> [About this exercise]:
Return each line of the listing exactly, though without its images.

> [The data]:
++++++++++++++++++++
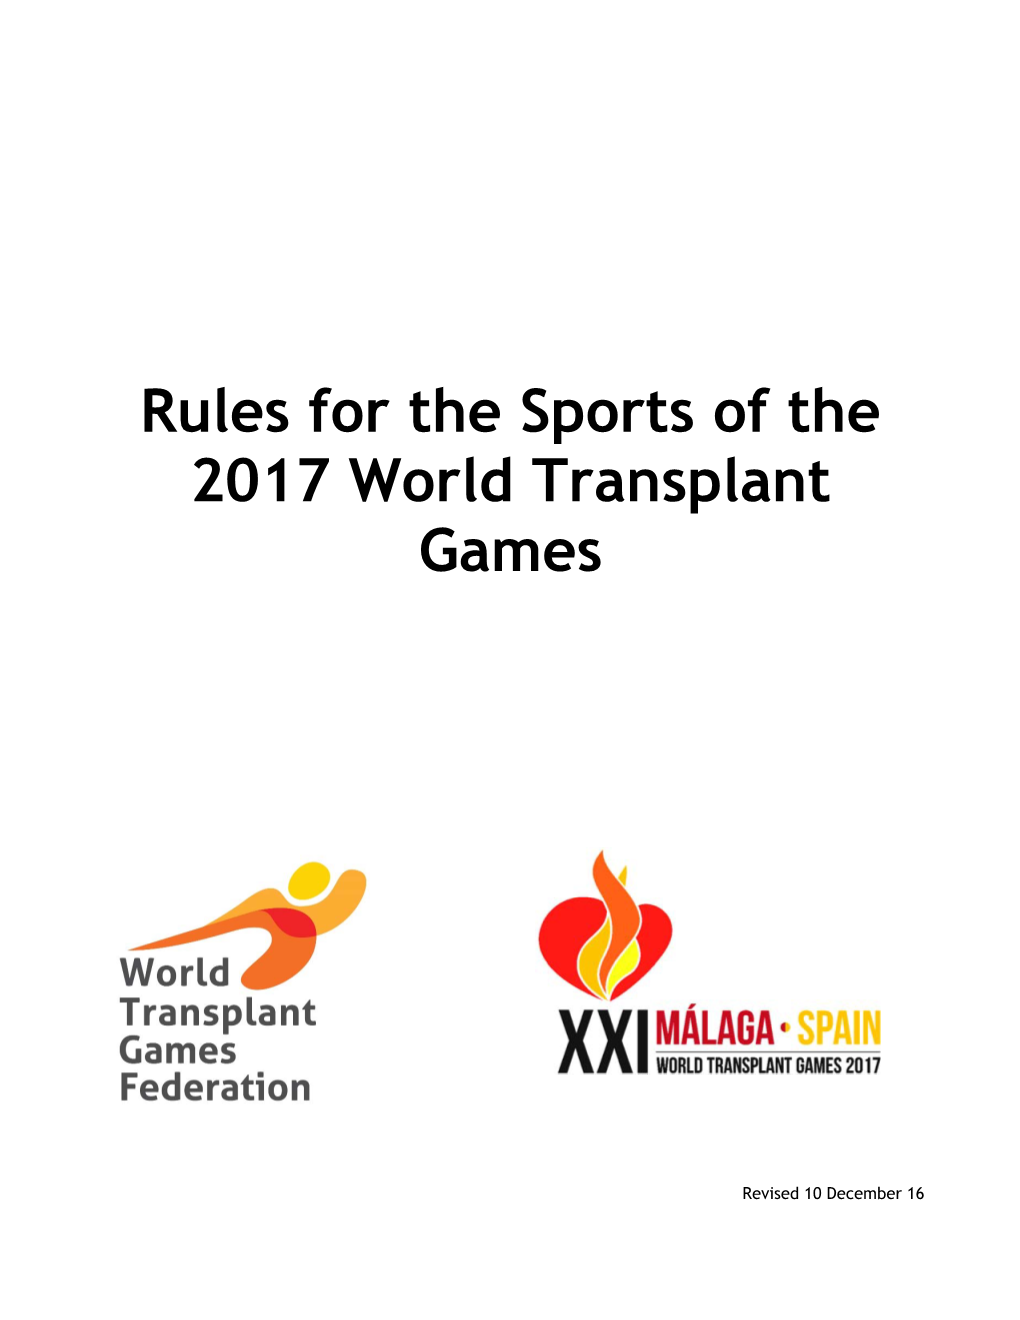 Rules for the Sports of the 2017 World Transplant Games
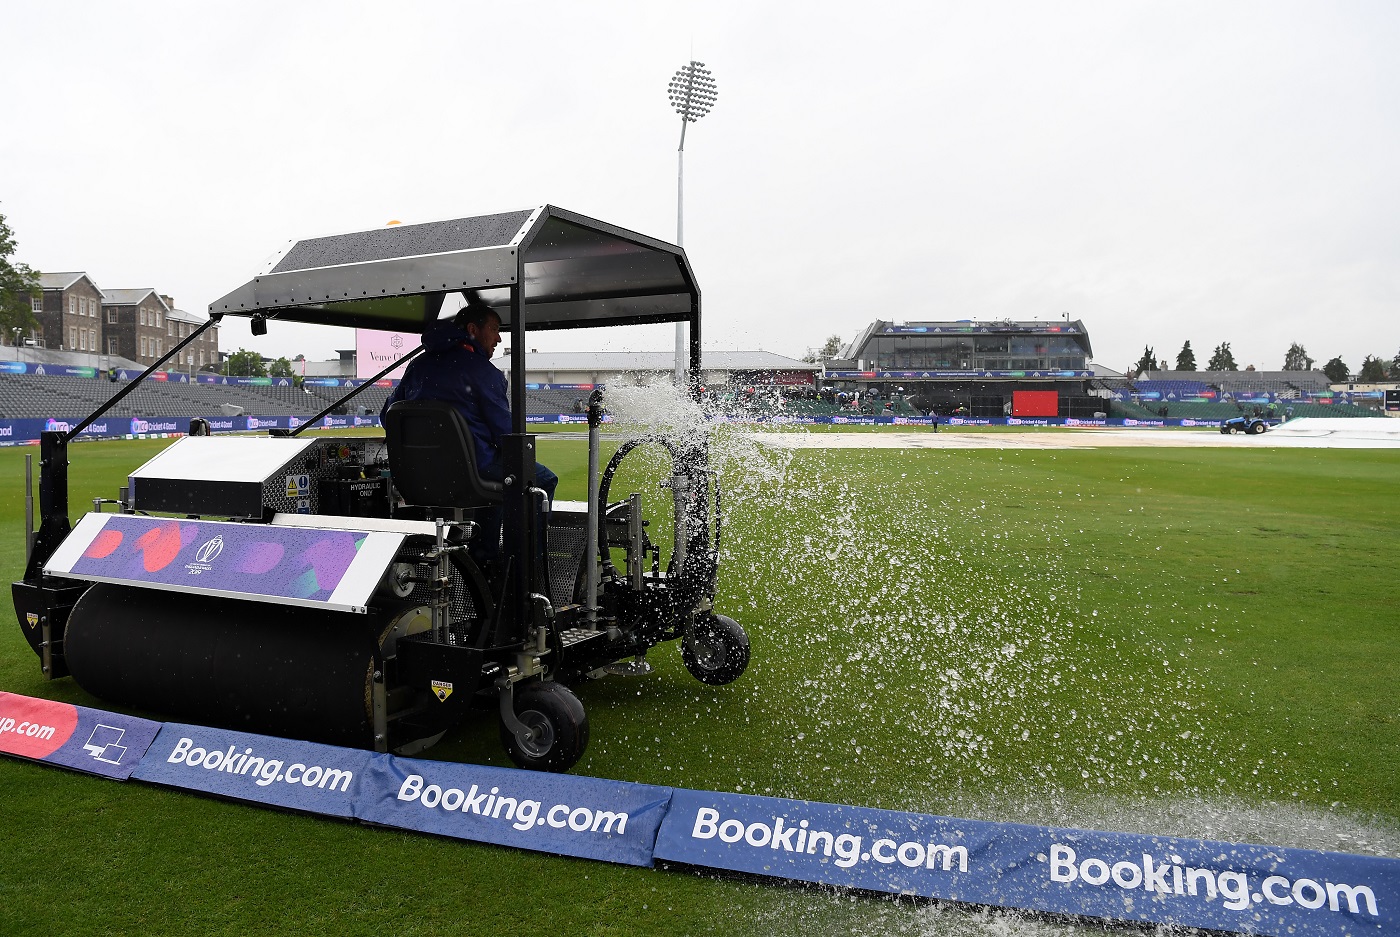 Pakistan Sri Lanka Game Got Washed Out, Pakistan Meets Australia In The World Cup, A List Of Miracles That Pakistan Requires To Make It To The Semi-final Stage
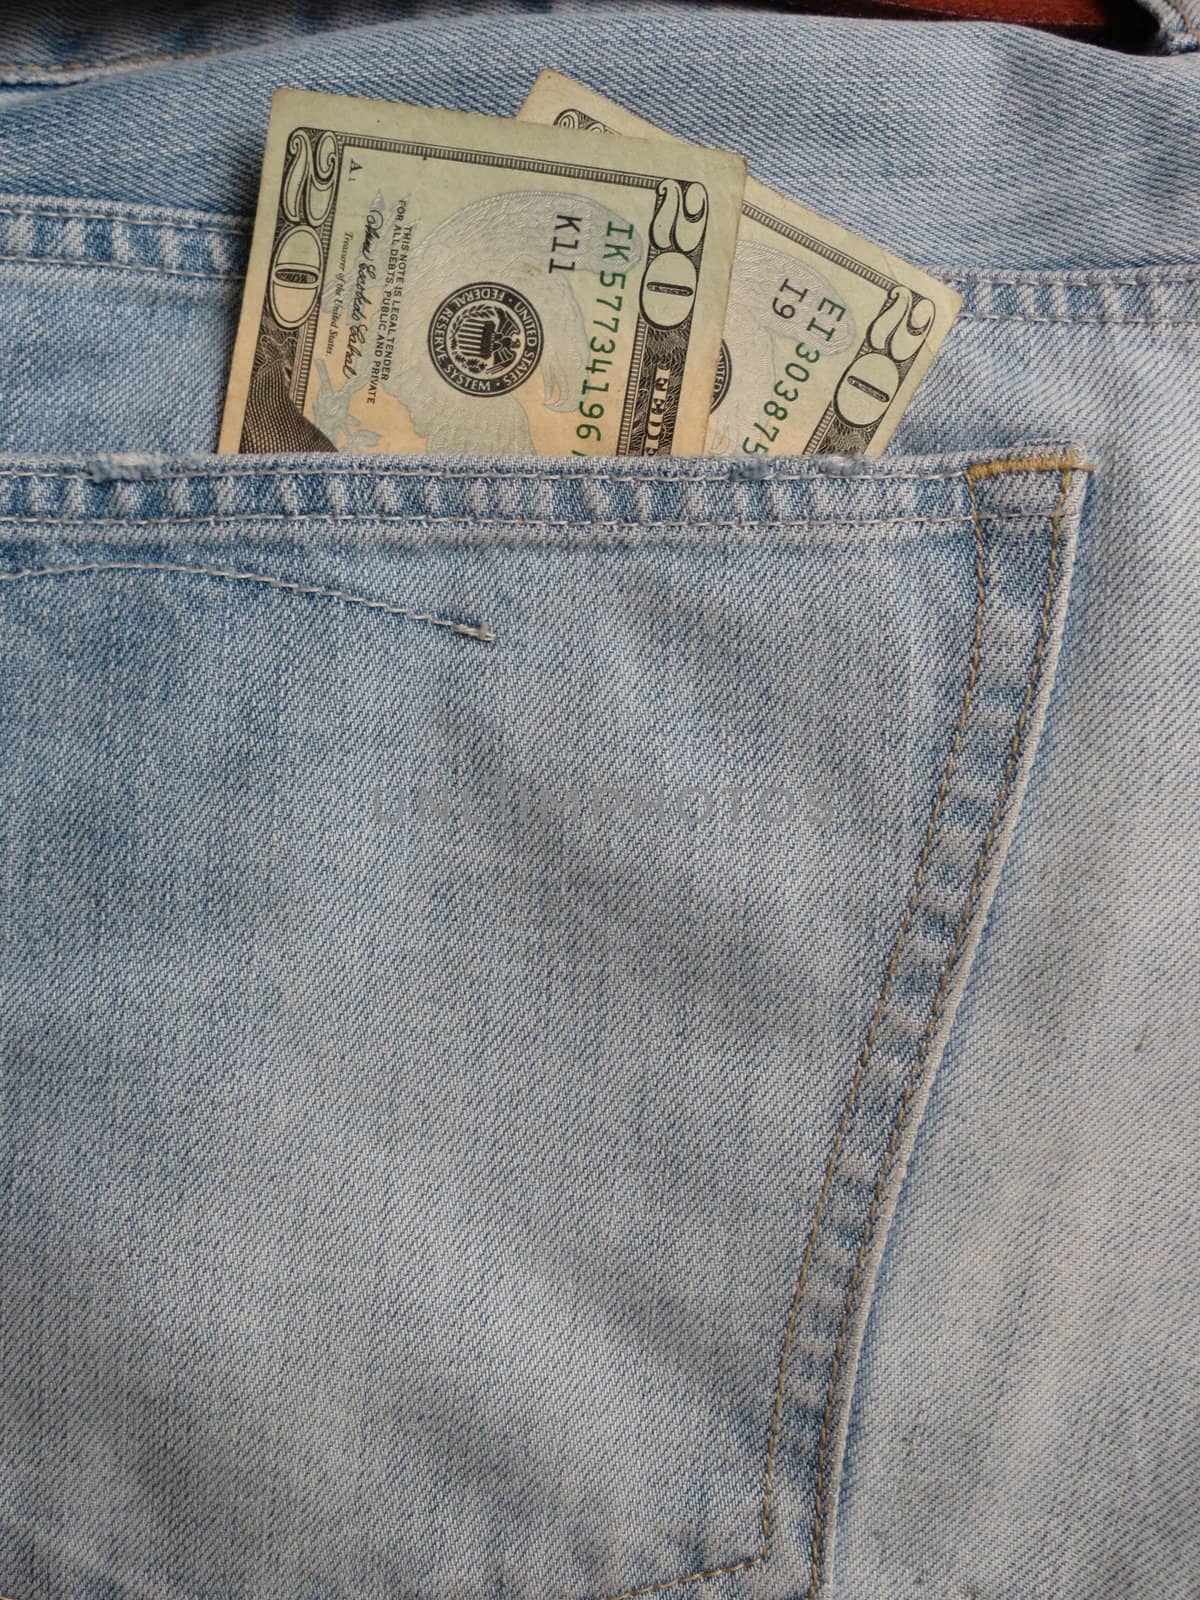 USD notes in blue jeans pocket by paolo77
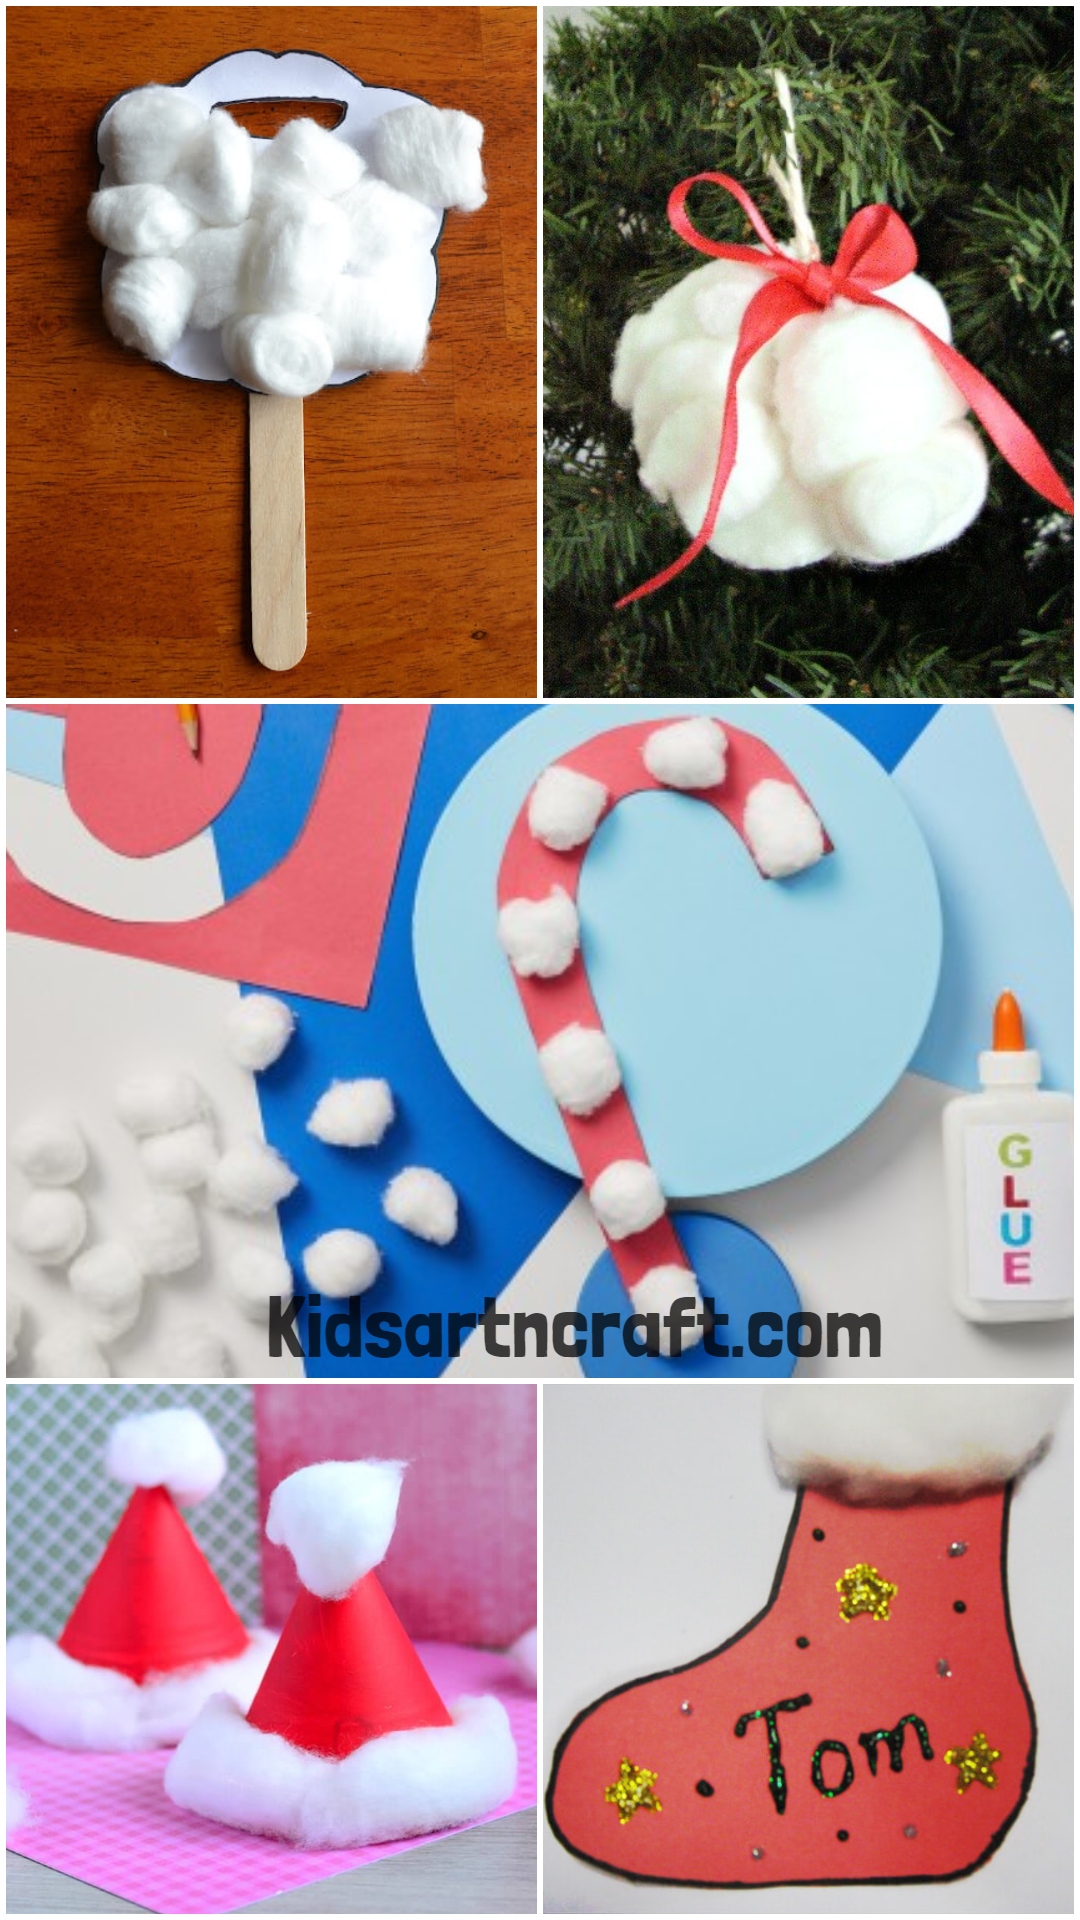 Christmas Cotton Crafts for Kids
++++++++++++++++++++
> [Solution]:
 Rules for the Sports of the 2017 World Transplant Games
 Pakistan Sri Lanka Game Got Washed Out, Pakistan Meets Australia In The World Cup, A List Of Miracles That Pakistan Requires To Make It To The Semi-final Stage
 USD notes in blue jeans pocket by paolo77
 Christmas Cotton Crafts for Kids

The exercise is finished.